--- START ---

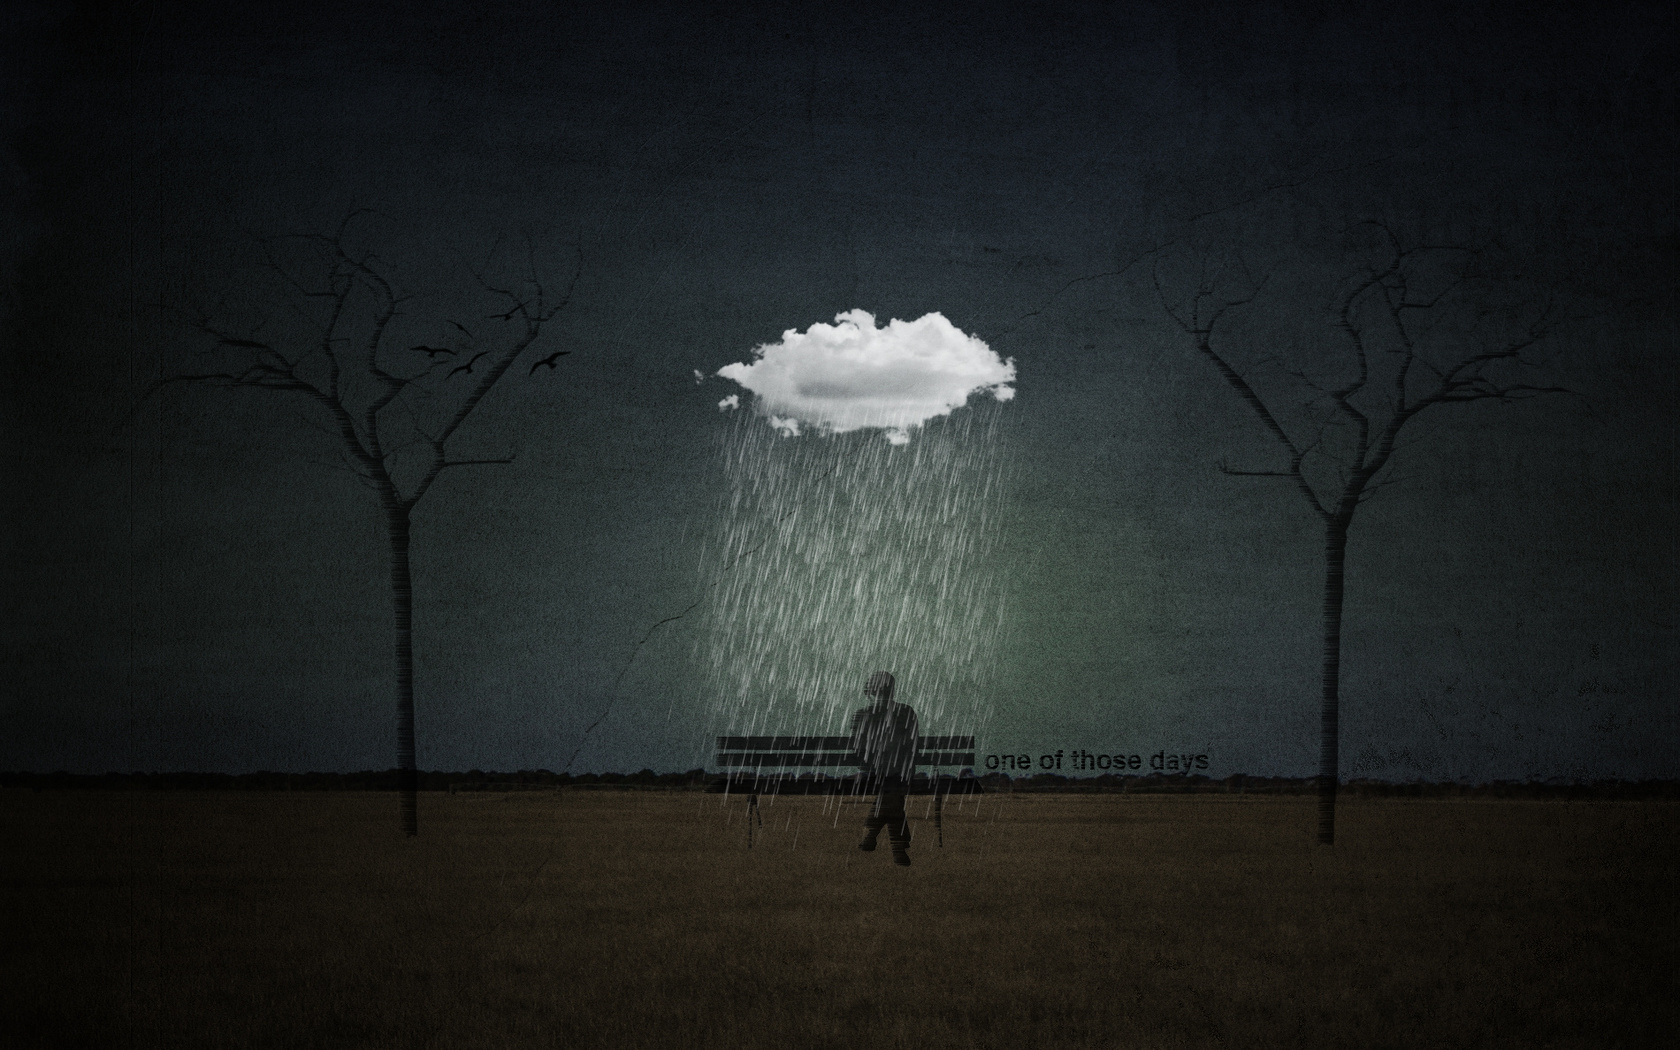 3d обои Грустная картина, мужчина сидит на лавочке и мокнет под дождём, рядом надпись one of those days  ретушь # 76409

--- END ---
--- START ---

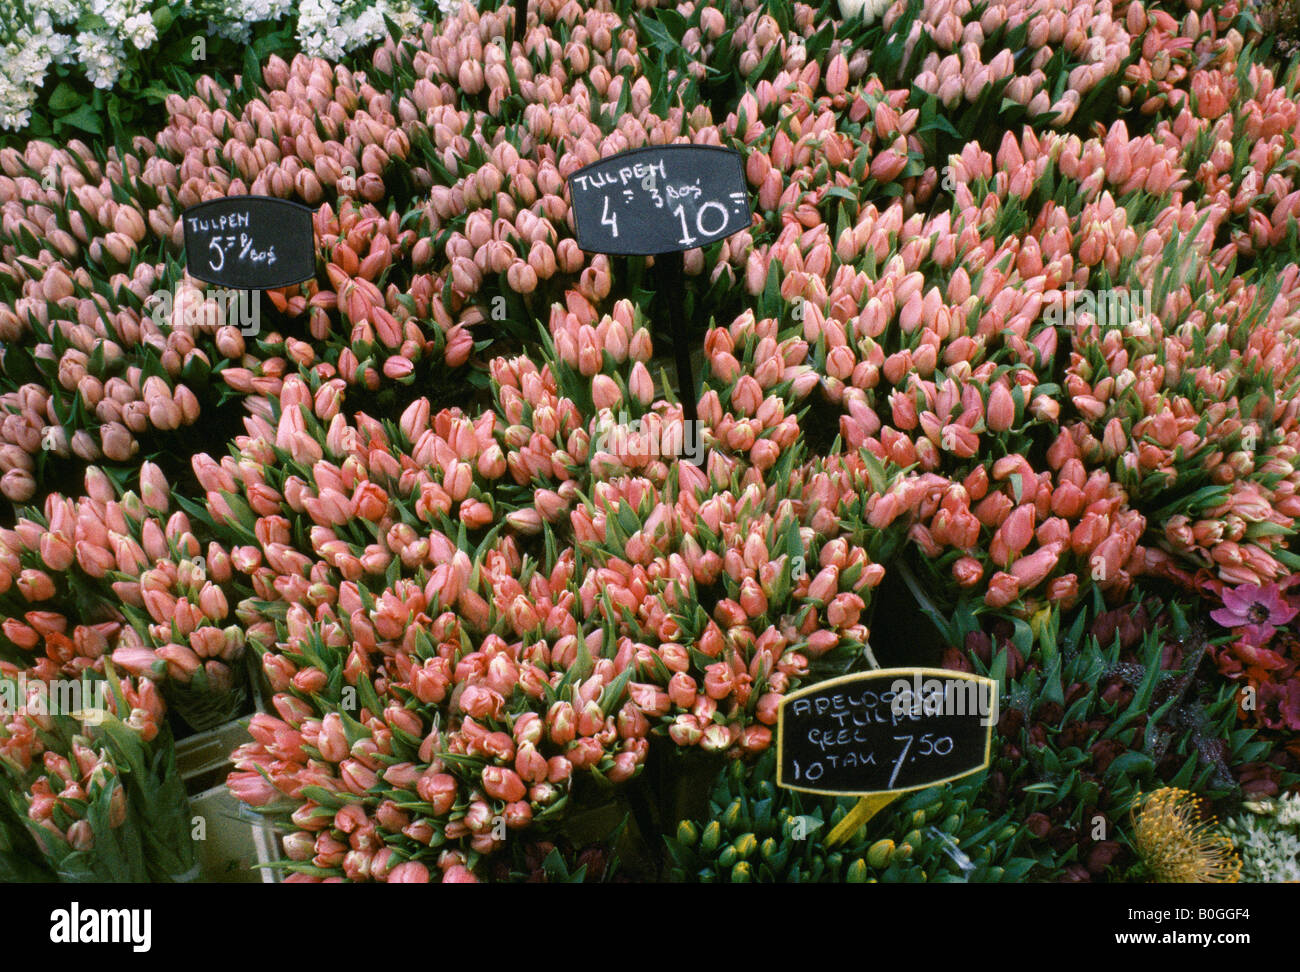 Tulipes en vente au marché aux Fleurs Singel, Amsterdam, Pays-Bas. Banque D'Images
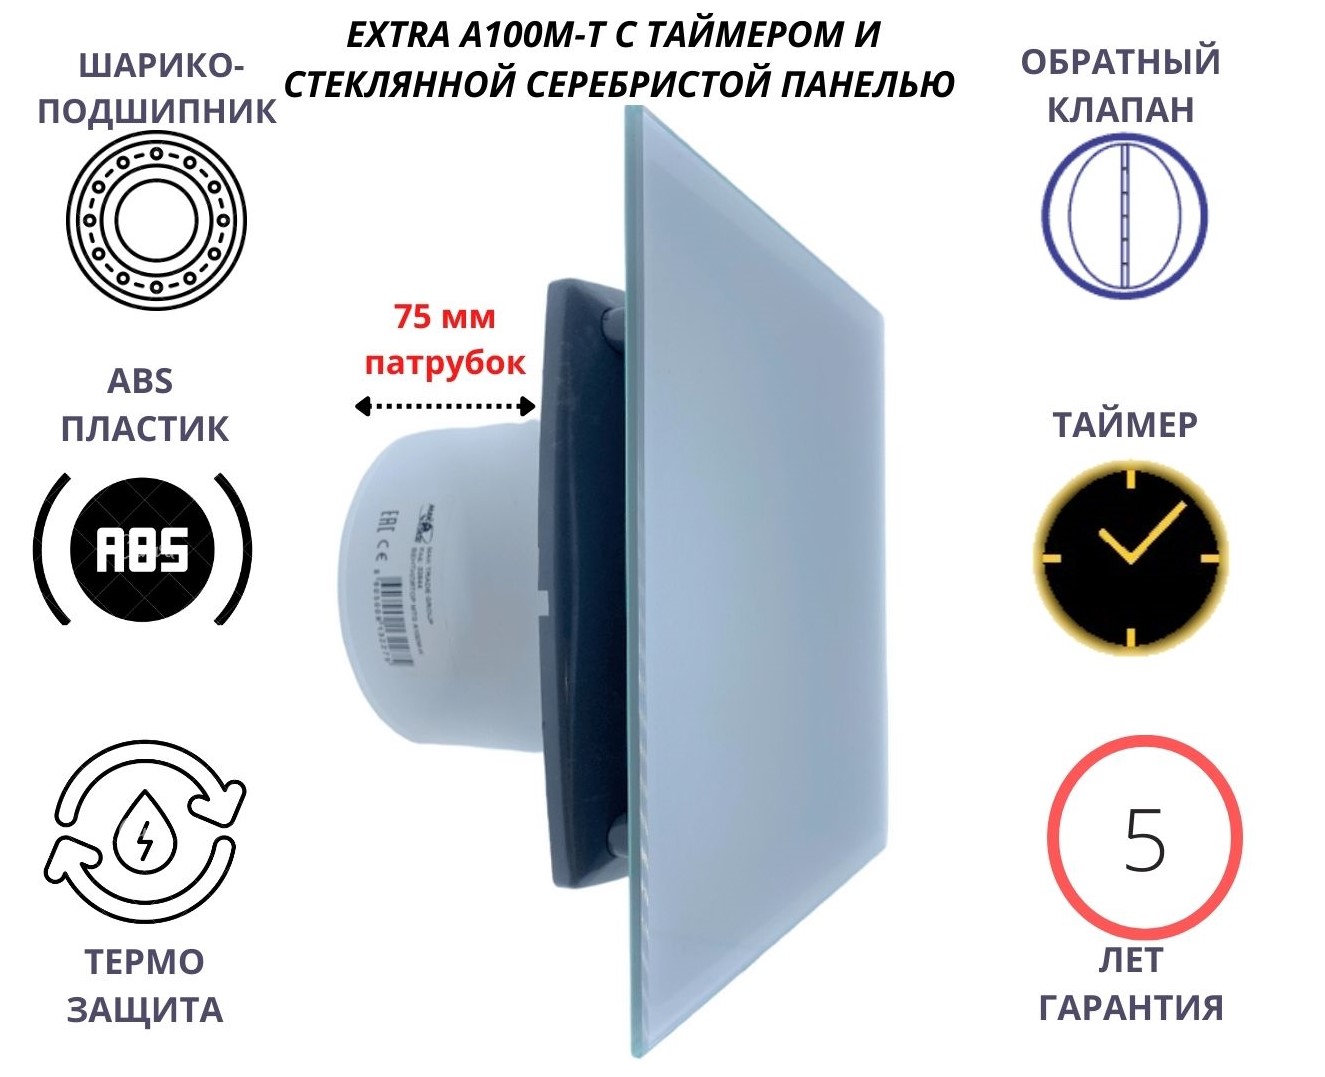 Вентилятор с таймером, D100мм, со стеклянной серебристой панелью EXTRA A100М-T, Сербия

--- END ---
--- START ---

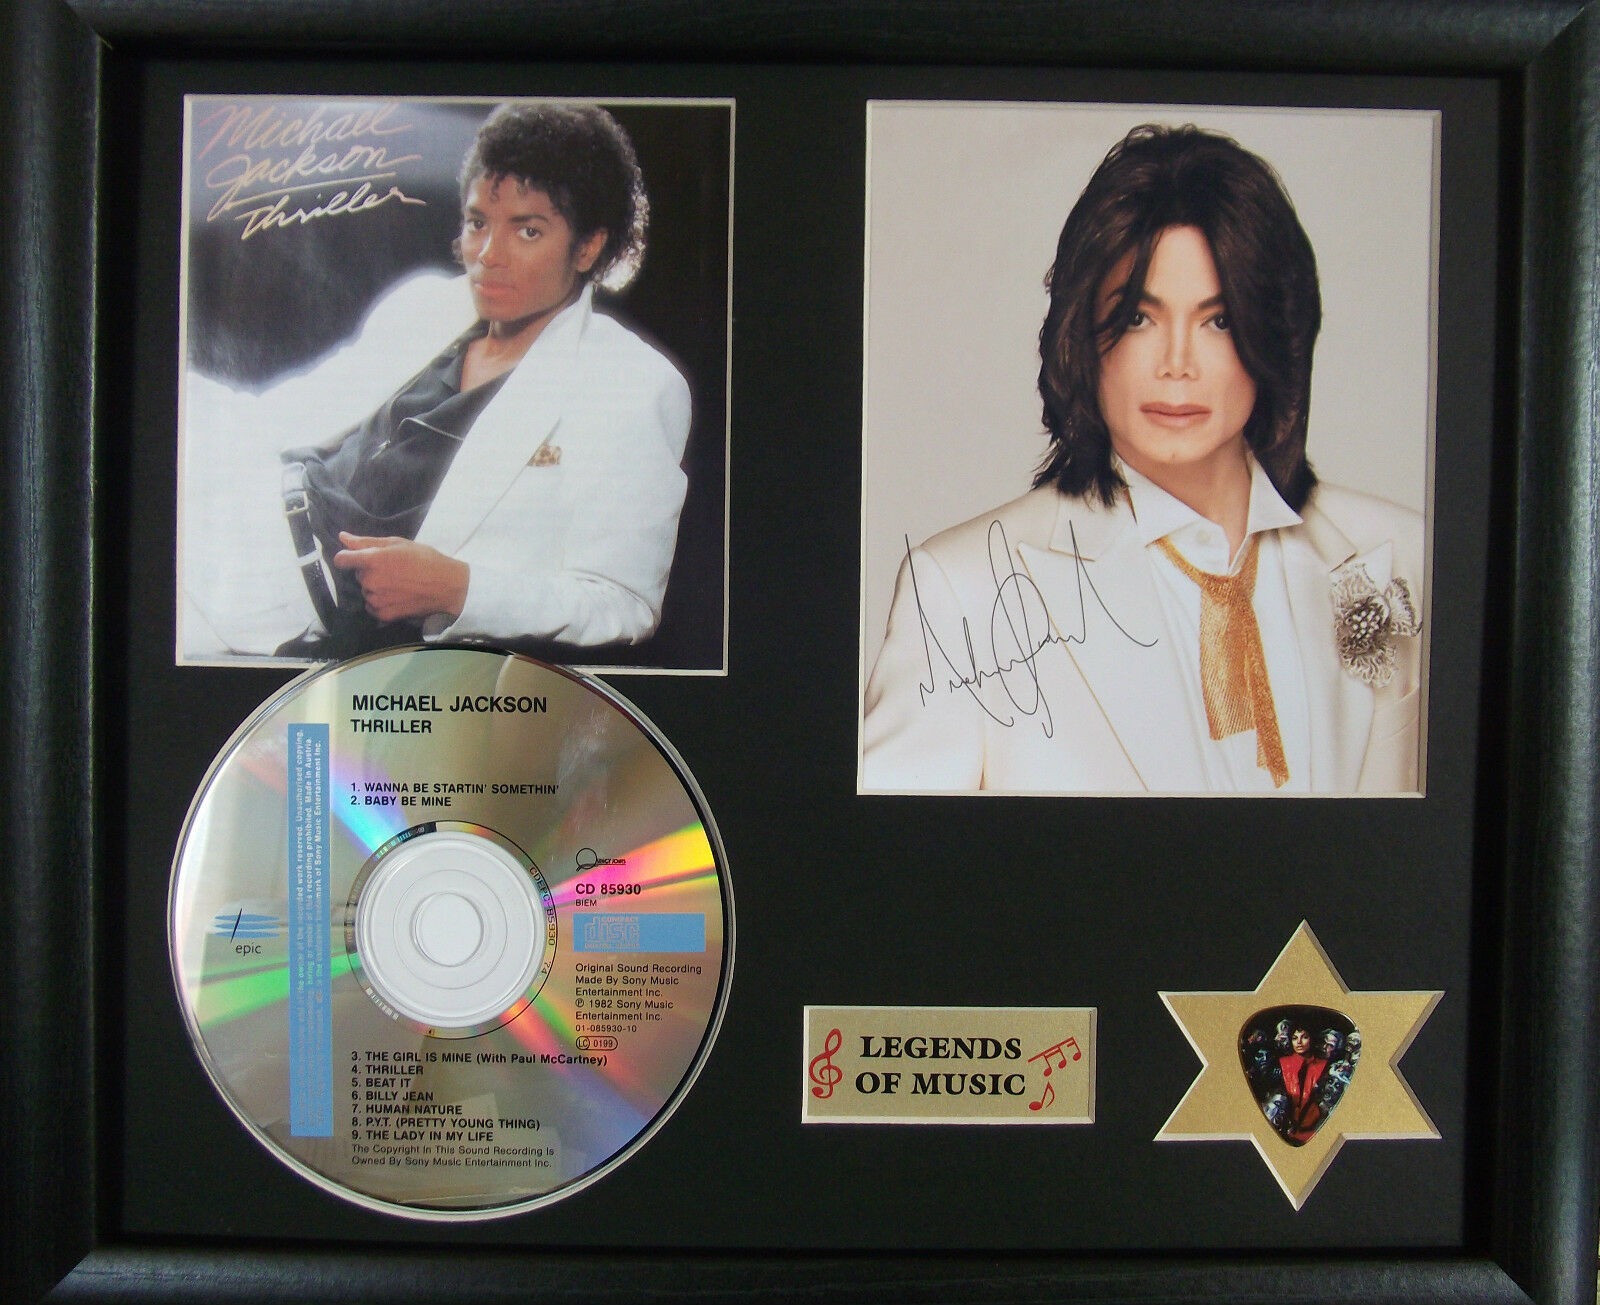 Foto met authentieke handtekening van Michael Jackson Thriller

--- END ---

▶ _Task instructions_
Respond with the exact lines above running from the one containing "Tulipes en vente" to the one containing "Вентилятор с таймером, D100мм, со", both ends kept and no pictures included.

▶ _The answer_
 Tulipes en vente au marché aux Fleurs Singel, Amsterdam, Pays-Bas. Banque D'Images
 Вентилятор с таймером, D100мм, со стеклянной серебристой панелью EXTRA A100М-T, Сербия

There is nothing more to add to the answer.